Of course, if we have an early general election this year or next year, it will be under the existing boundaries, so there is no question of there being any difference there, and there will be no change in the size of the House of Commons—no reduction from 650 to 600 MPs.

The context of the order we have before us this afternoon in those two respects is extremely important. It is controversial, and as has already been said, this is an opportunity for the Government to think very carefully about ensuring that the register, for which we all have a responsibility, is as complete and accurate as possible and therefore carries the integrity that the Minister referred to in her opening remarks.
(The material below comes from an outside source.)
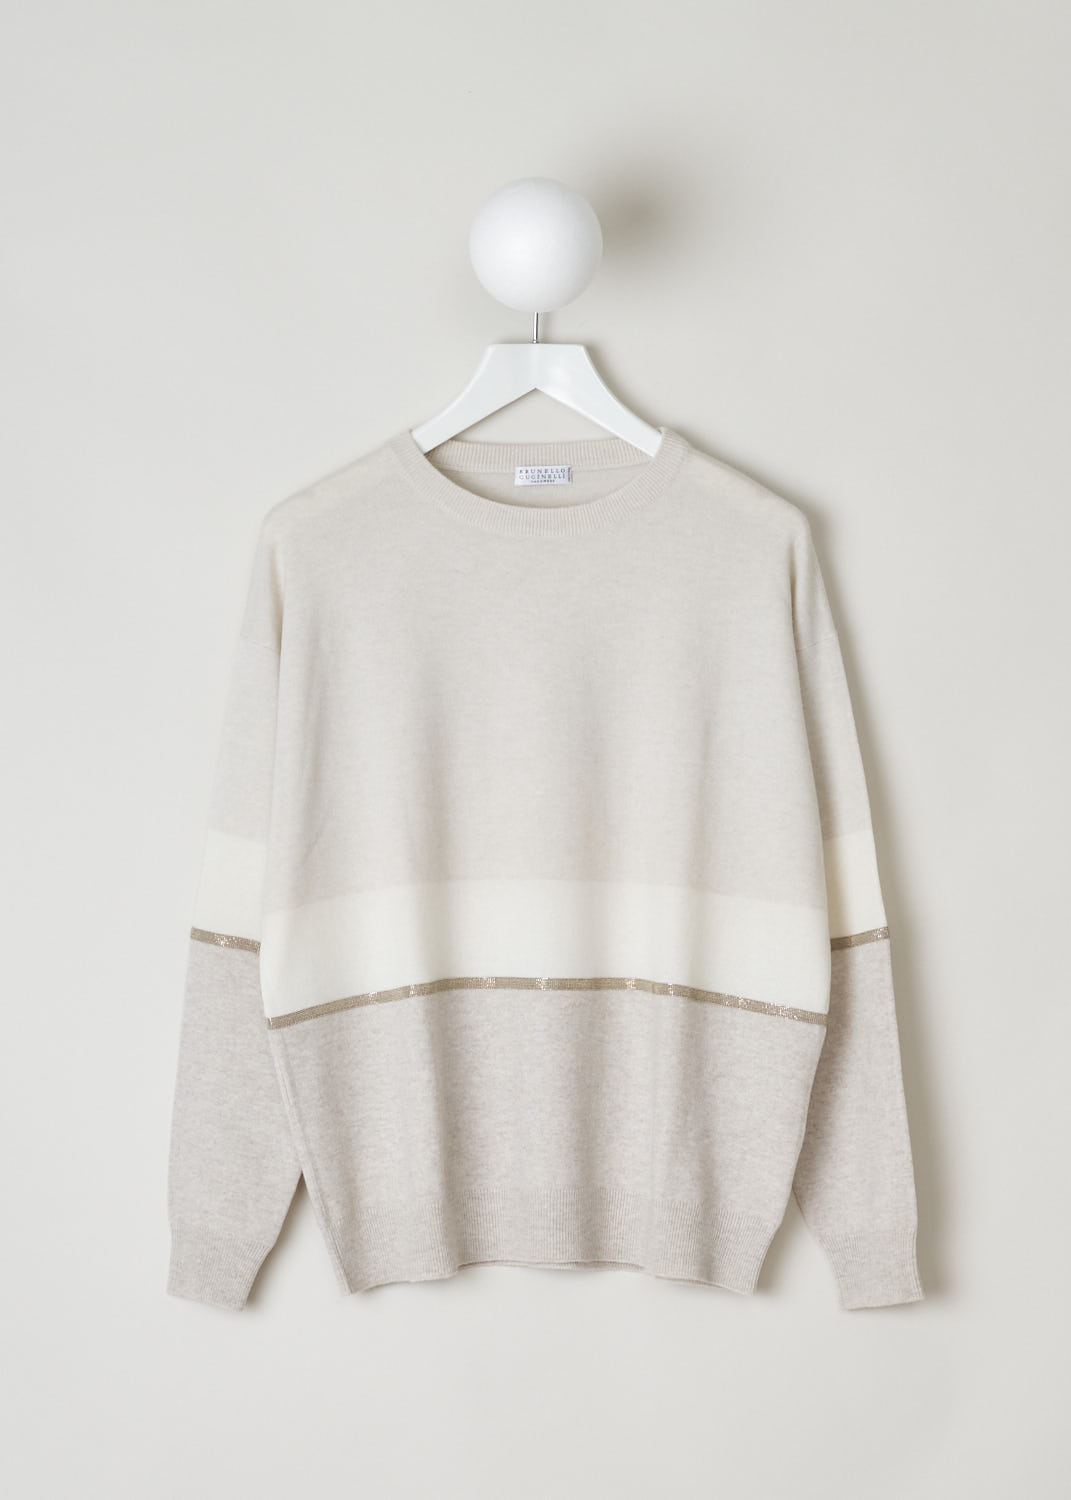 BRUNELLO CUCINELLI, THREE-TONE SWEATER WITH BEADED DETAILING, Beige, Front, Three-tone sweater in white and pale grey tones with bead-embellished trims. The sweater features long sleeves and has a ribbed hem. 

On the order in more detail, I and my colleagues—I think this is common around the House—accept that there is a substantial, sensible rationale for these pilot exercises. There is no problem about that. We all recognise that the annual canvass has become a rather rusty instrument for seeking to get the maximum amount of information in an effective and economical way, and the current proposal that there should be greater flexibility for a number of authorities to approach this issue, and that that should then feed into a wider consideration for the future is of course very sensible. We do not spend enough time establishing a good evidence base for changes of this nature. It is certainly true that the IER transition has been and should be an opportunity to review this process, and I and others will certainly support these pilots.

There was some concern among electoral registration officers that major social and other changes were taking place which also prevented the annual canvass being as effective as possible. I heard Ministers say, “Oh, the great increase in the number of gated communities made it necessary to find different ways of obtaining the necessary information”. There are only a small number of gated communities—I think 1% of the total population of the United Kingdom lives in a gated community. I found my way into one with no difficulty at all on 23 June, polling day, just by getting a little local information from tradesmen and postmen. They know how to get in, and surely representatives of the local authority will always be able to find out how. I do not think that that has been the conclusive reason.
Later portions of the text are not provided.